Berdasarkan hasil yang menjanjikan dari pendekatan PAUD Peduli Wasting dalam melengkapi layanan Posyandu yang sudah ada dan menjangkau anak-anak yang sebelumnya mungkin terlewatkan, Dinas Kesehatan Kota Kupang berkomitmen untuk memperkuat dan memperluas pendekatan ini demi memastikan deteksi dini dan perawatan tepat waktu—agar semakin banyak anak seperti Melvi di Kota Kupang dapat tumbuh sehat dan berkembang optimal.

drg. Retnowati M.Kes, Head of the Kupang City Health Office, in her office at the Kupang City Health Office, Kupang Municipality, East Nusa Tenggara, on 11 December 2025
UNICEF/2025/Chair drg. Retnowati M.Kes, Kepala Dinas Kesehatan Kota Kupang, di ruang kerjanya di Kantor Dinas Kesehatan Kota Kupang, Kota Kupang, Nusa Tenggara Timur, pada 11 Desember 2025.

“Dinas Kesehatan berkomitmen terhadap program PAUD Peduli Wasting, karena eliminasi wasting merupakan faktor penting dalam menurunkan stunting,” jelas drg. Retnowati M.Kes, Kepala Dinas Kesehatan Kota Kupang.

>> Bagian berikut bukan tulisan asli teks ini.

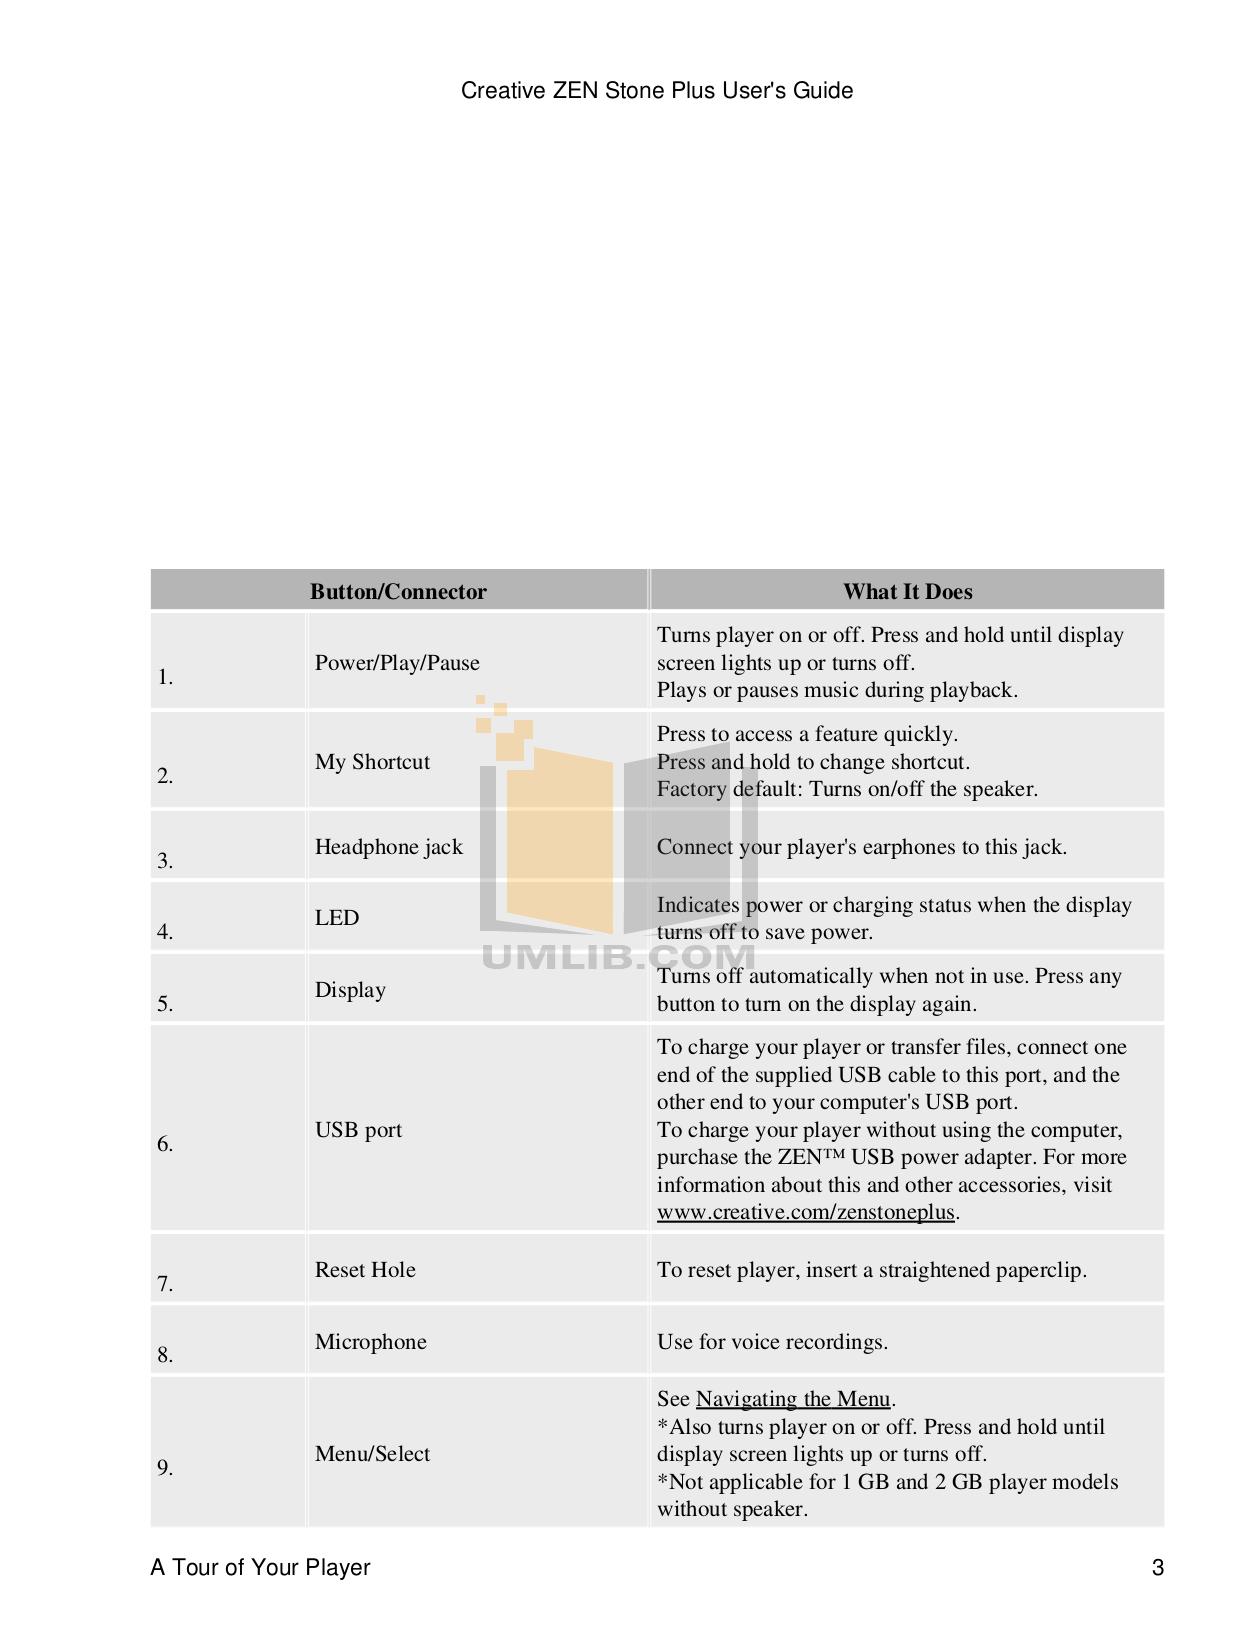 pdf manual for creative mp3 player zen zen stone plus 4gb rh umlib com creative zen stone plus user manual zen stone plus user guide
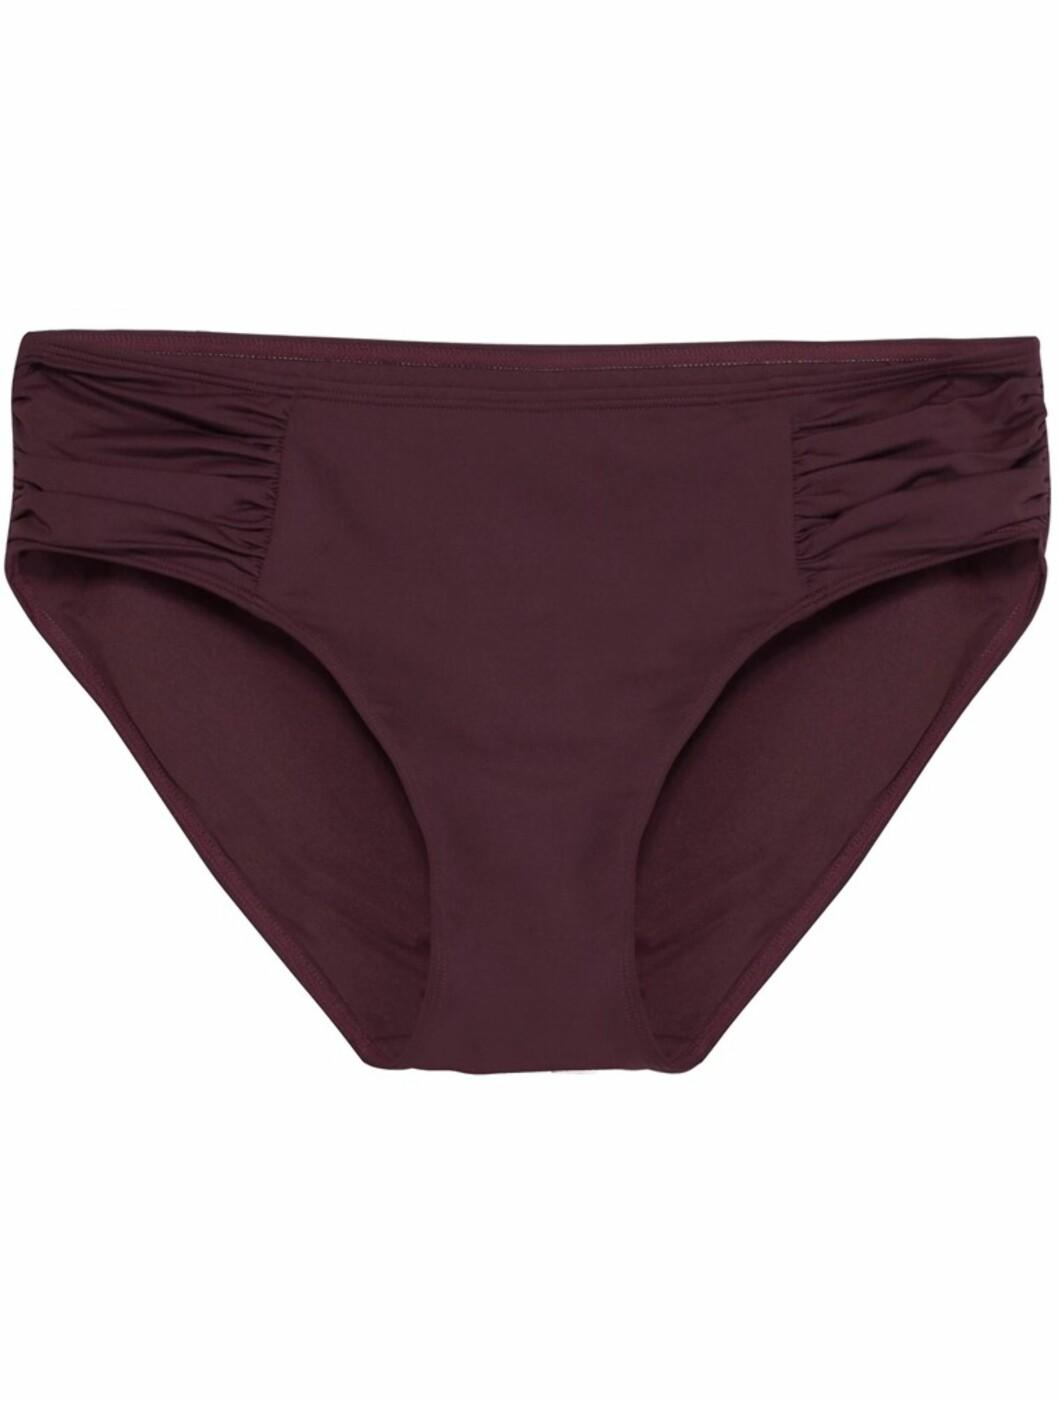 <strong>Bikinitruse fra Kappahl  129,-  https:</strong>//www.kappahl.com/nn-no/dame/Badetoy/bikinier/bikinitruse/123943

(Center) Merry and her daughter (right), Melvi, 7, in their home in the Kupang Municipality, East Nusa Tenggara, on 12 December 2025
UNICEF/2025/Chair (Tengah) Merry dan putrinya (kanan), Melvi, 7 tahun, di rumah mereka di Kota Kupang, Nusa Tenggara Timur, pada 12 Desember 2025.

Merry dipenuhi rasa syukur—kepada Yeni, kepada program ini, dan kepada kemitraan dengan PAUD yang telah membantu putrinya pulih. Pesannya kepada para orang tua lain sederhana namun kuat:

“Jangan takut. Kita harus yakin dan percaya bahwa tenaga kesehatan ada untuk melakukan yang terbaik bagi kesehatan anak-anak kita.”